= Gurajena =

Zimbabwean headman

Gurajena is ahieftainship which was reduced to Headman during the colonial Era in the Masvingo Province of Zimbabwe. It is located about 60 km north east of Masvingo and can be reached by following Zimuto Road north and then branching off at Maraire shopping centre to go due north east and crossing the Munyambe River, which is the border between Gutu and Zimuto, just before reaching the shopping centre. It is almost exactly due east of Gwengwerere Growth Point, Zimbabwe. It was named after Chief Gurajena whose Chieftainship still lay unclaimed ever since he was dethroned during the white colonial rule. It is one of the oldest growth points in the areas. There are several villages under Chief Gurajena and most of the land for this chieftainship was taken by the then white farmers nicknamed Chimunyanja and Kurutu.

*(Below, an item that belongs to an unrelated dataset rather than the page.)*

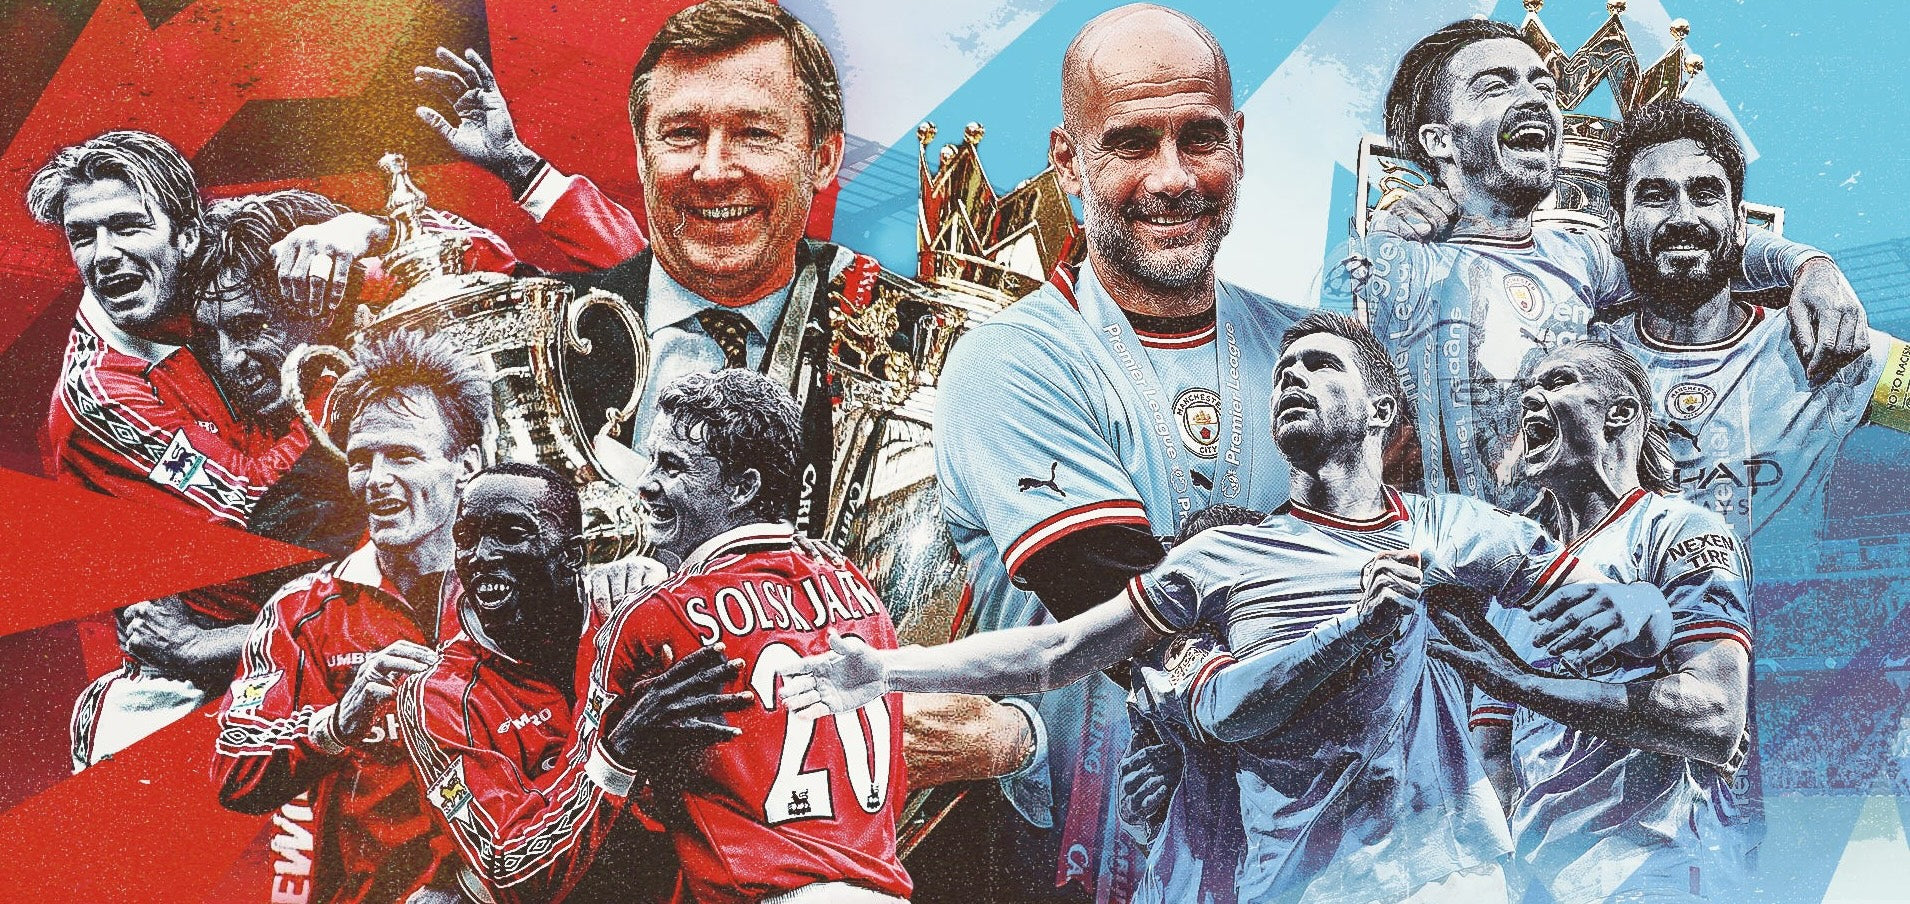 El pulso de la pasión: La rivalidad del Manchester en el fútbol

The villages under Gurajena are Muzondo, Makozvo/Zimbume, Mareva, Gambiza, Chinyanganya, Mangwaya, Mutami and many more villages and there is a school named Gurajena Primary School and the secondary called Mavhiringidze which another of the Gurajena clan and the school was named in honour of Mavhiringidze who is buried in the school yard.

There are several primary schools under Gurajena are and only one secondary services Gurajena area the area is a very peaceful area and mostly inhabited by the people of the Dziva totem and Ngara totem.